Robson Torinni, ator que entrevistou pessoa privada de liberdade para representar um parricida em Tebas Land, fala ao Jornal Nota sobre o que o público e os artistas têm buscado no teatro.
O teatro tem menos recursos que o cinema para nos enganar, por isso mesmo, a mentira que ele entrega pode ser mais dilacerante pela sua crueza e honestidade. Em Tebas Land, peça premiada que teve temporada prorrogada em São Paulo em 2025, todos os elementos da mentira são apresentados antes mesmo do espetáculo começar.
Os atores, também premiados, Otto Jr. e Robson Torinni se posicionam no mise-en-scène antes do aviso sonoro, para em seguida, desenvolver um enredo que parece uma revelação e se cria no ato da performance. Há uma obsessão com o próprio jogo teatral em Tebas Land que fazem da obra um dos exemplares mais marcantes do teatro autoconsciente, tão em alta nos últimos anos.
A tensão entre mentira e verdade é muito cara ao autor da peça, o uruguaio Sergio Blanco. Em Tebas Land, ele apresenta o tema por meio do relato autoficcional de um dramaturgo que decide escrever uma peça sobre um jovem preso por matar o próprio pai.
São dois atores e quatro personagens que dão vida à trama. Otto Jr., vencedor do Prêmio Shell RJ, vive o dramaturgo enquanto escreve a peça e durante a encenação do texto. Robson Torinni, que recebeu o Prêmio Botequim Cultural, interpreta o jovem preso e o ator que representa o parricida.

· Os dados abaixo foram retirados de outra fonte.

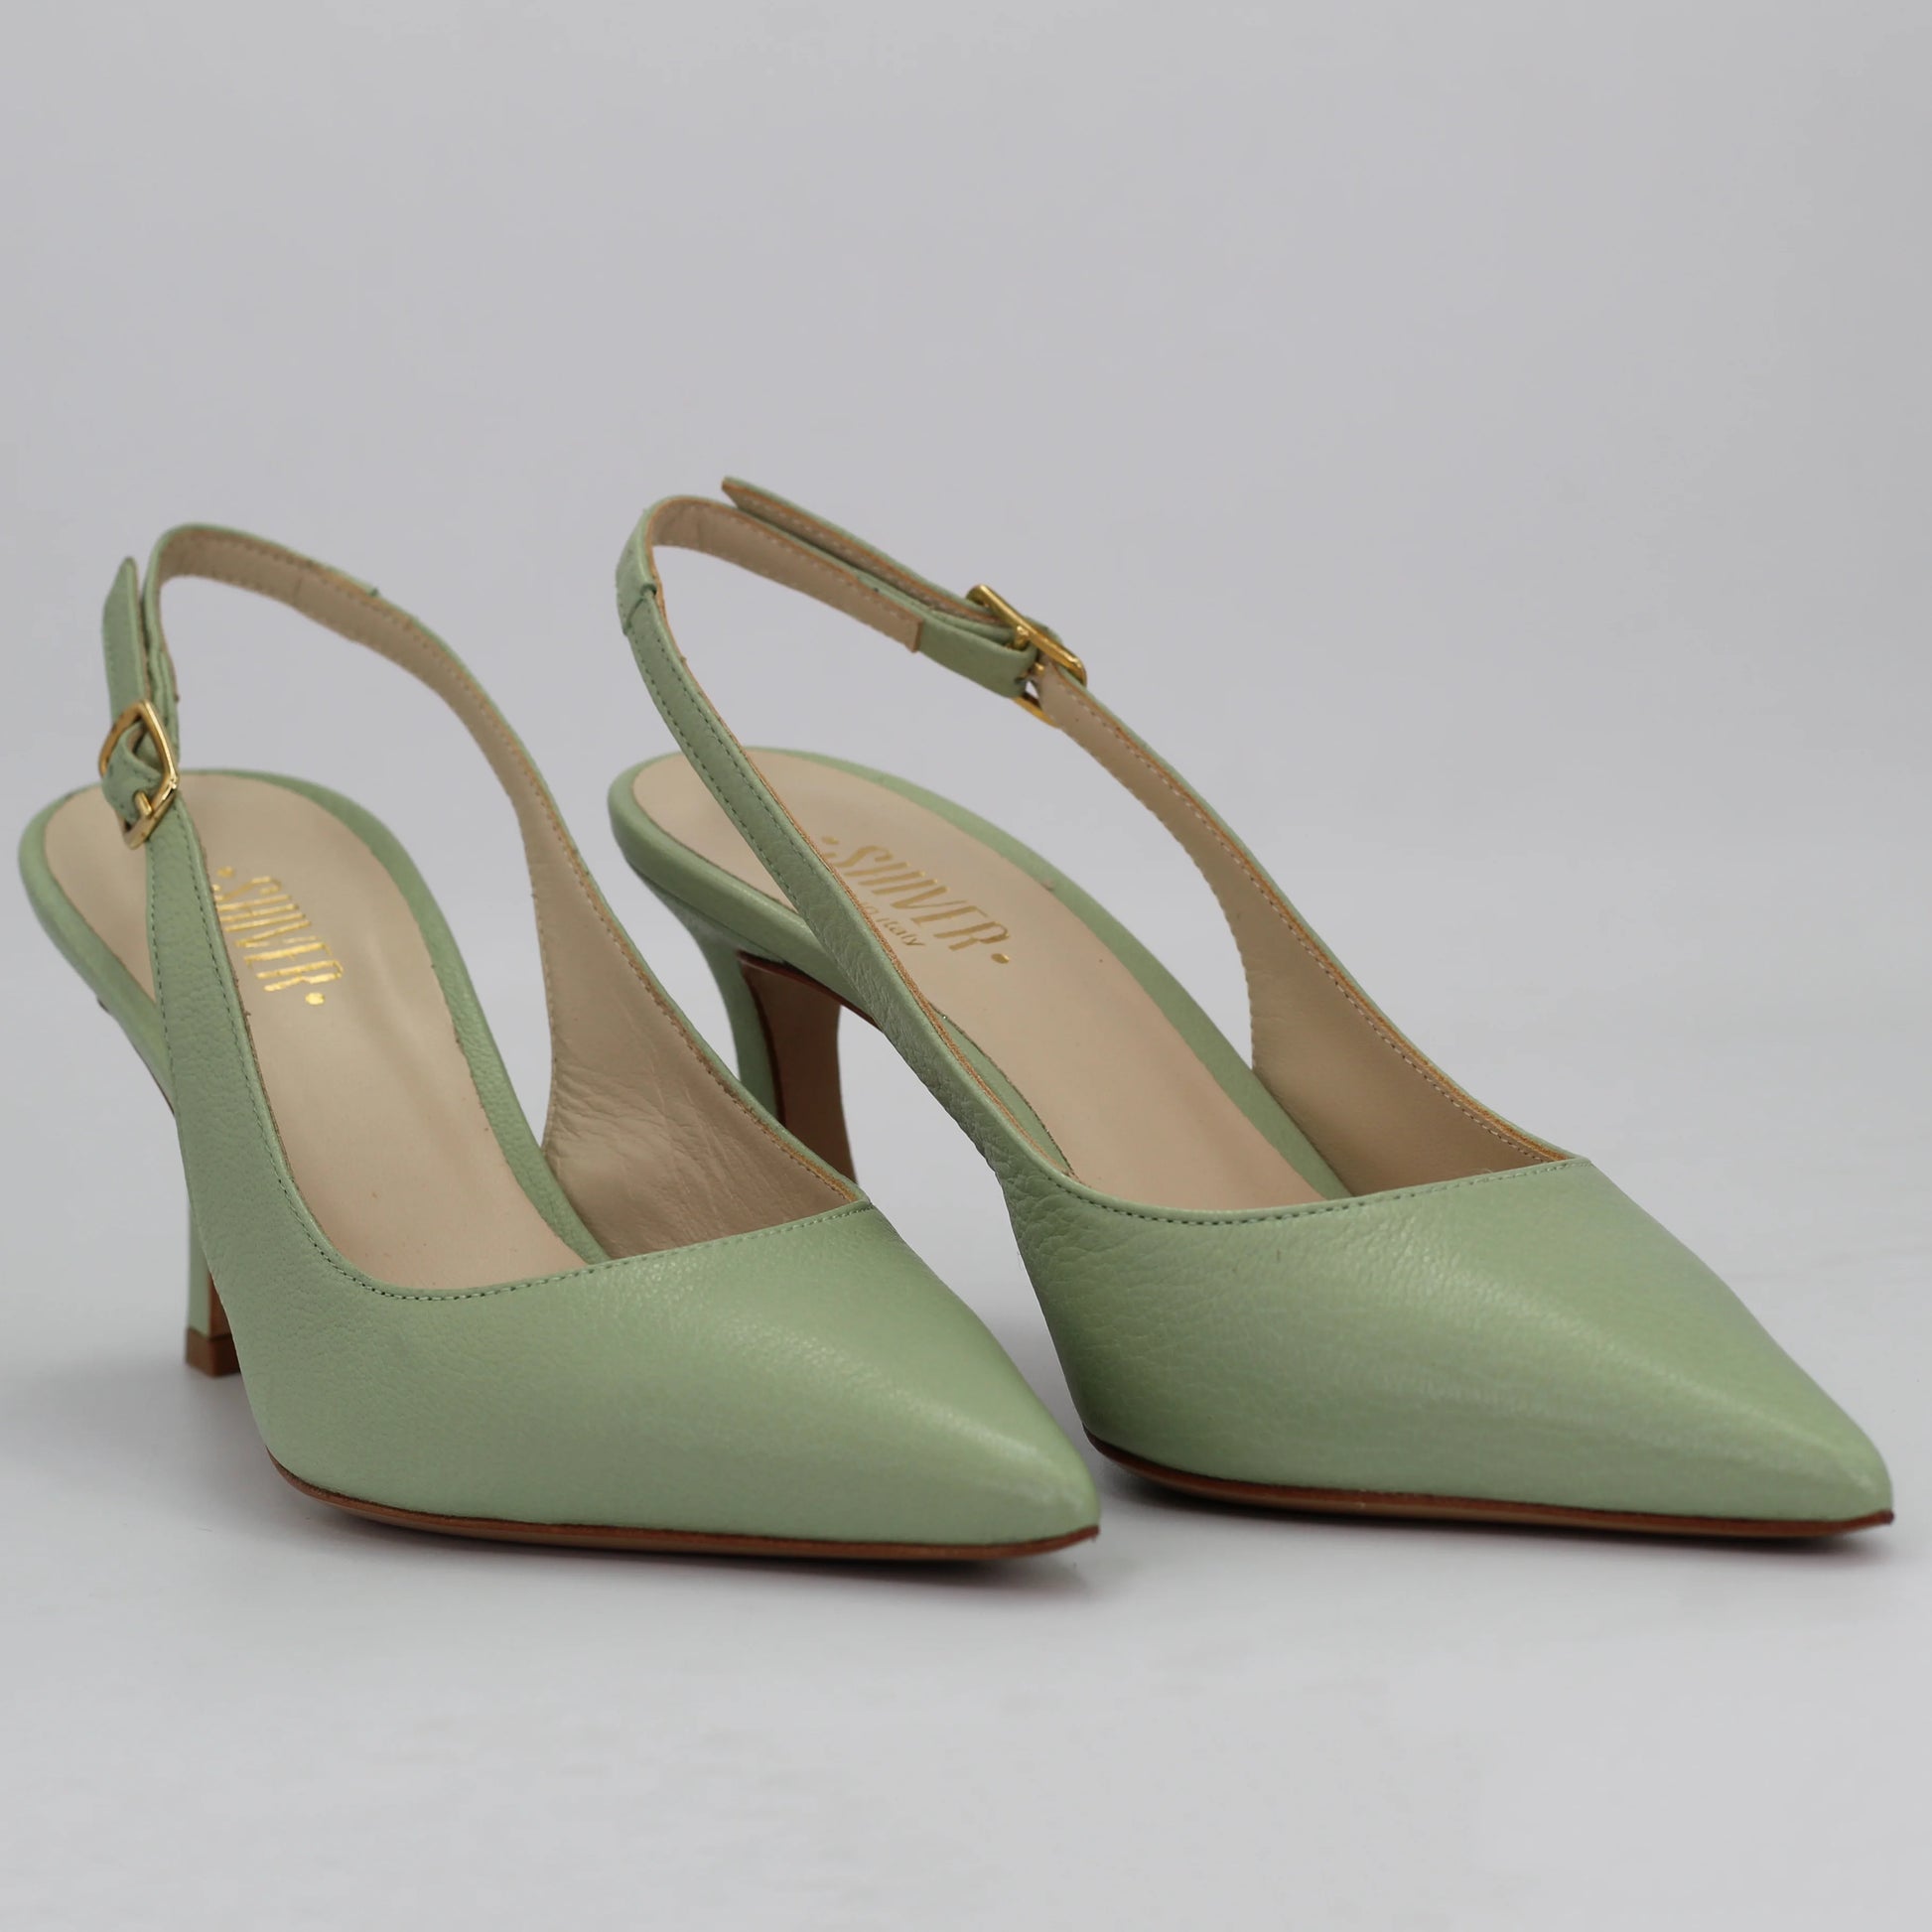 Shop Handmade Italian Leather sling back in Mint (MPE581) or browse our range of hand-made Italian shoes in leather or suede in-store at Aliverti Cape Town, or shop online. We deliver in South Africa & offer multiple payment plans as well as accept multiple safe & secure payment methods.

Nessa configuração de duas dimensões, ocorre algo parecido com o que acontece quando um mágico apresenta um truque: a “mentira” é inventada e explicada antes da ação. Nesse processo, em que tanto a criação quanto a performance são apresentadas em cena, a peça revela desde a etapa da composição com as intertextualidades até a escolha dos recursos cênicos.

“Exige muito equilíbrio e coesão integrar multimídia, referências clássicas e fluxo de consciência para que os recursos não se sobreponham à narrativa”, destaca o ator Robson Torinni ao Jornal Nota, “também é desafiador para os atores, que precisam manter a conexão com o público enquanto percorrem um texto denso e fragmentado”.
Apesar dos elementos complexos, o texto e a atuação mantêm uma fluidez impressionante para desconstruir as dicotomias do teatro diante do público: ficção e realidade, ator e personagem, criador e criação. Segundo alguns críticos, é o interesse por esse jogo que fez de Sergio Blanco um dramaturgo internacionalmente reconhecido.
A metalinguagem teatral parece viver um auge que, para Torinni, se dá porque vivemos em “um tempo em que as fronteiras entre realidade e ficção estão cada vez mais borradas, impulsionadas pelas redes sociais, pela cultura da performance e por uma crescente valorização da experiência individual”.
O ator sublinha que o “espectador contemporâneo demanda experiências mais reflexivas e autênticas, assim como os próprios artistas têm uma necessidade maior de pensar criticamente o seu fazer artístico”.

Com uma trilha sonora que inclui O Andante do Concerto para Piano nº 21, de Mozart e Quem é, de Agnaldo Timóteo, a peça dialoga com o mito de Édipo e o tema da paternidade em Os Irmãos Karamazov, de Dostoiévski.
Cada referência é pensada em cena e inserida na ação que se constroi entre a quadra de basquete de uma prisão e a mesa de trabalho de um dramaturgo. A eficiência do texto em incorporar todos esses elementos às atuações intensas coloca Tebas Land ao lado de outras grandes obras que refletem sobre a ficção dramatúrgica tanto no teatro quanto no cinema, como A Gaivota (1896), de Tchekov e A Mulher do Tenente Francês (1981), filme de Karel Reisz.
Por mais que os artifícios da peça sejam expostos, a verdade dos dois eixos narrativos se mantém e se fortalece ao passo que a trama evolui. Dado que Robson Torinni entrevistou um presidiário para dar origem ao personagem do jovem parricida, Tebas Land se consolida tanto como uma peça sobre a contemplação da arte pelos olhos do artista, quanto como uma obra sobre a capacidade de entender as atitudes e as fragilidades humanas.
Peça: Tebas Land
Texto: Sergio Blanco
Direção: Victor Garcia Peralta
Elenco: Otto Jr. e Robson Torini
Prêmios: Shell RJ de Melhor Ator para Otto Jr., Botequim Cultural de Melhor Ator para Robson Torinni, Melhor Diretor para Victor Garcia Peralta, Melhor Espetáculo e Cenym de Melhor Montagem Brasileira.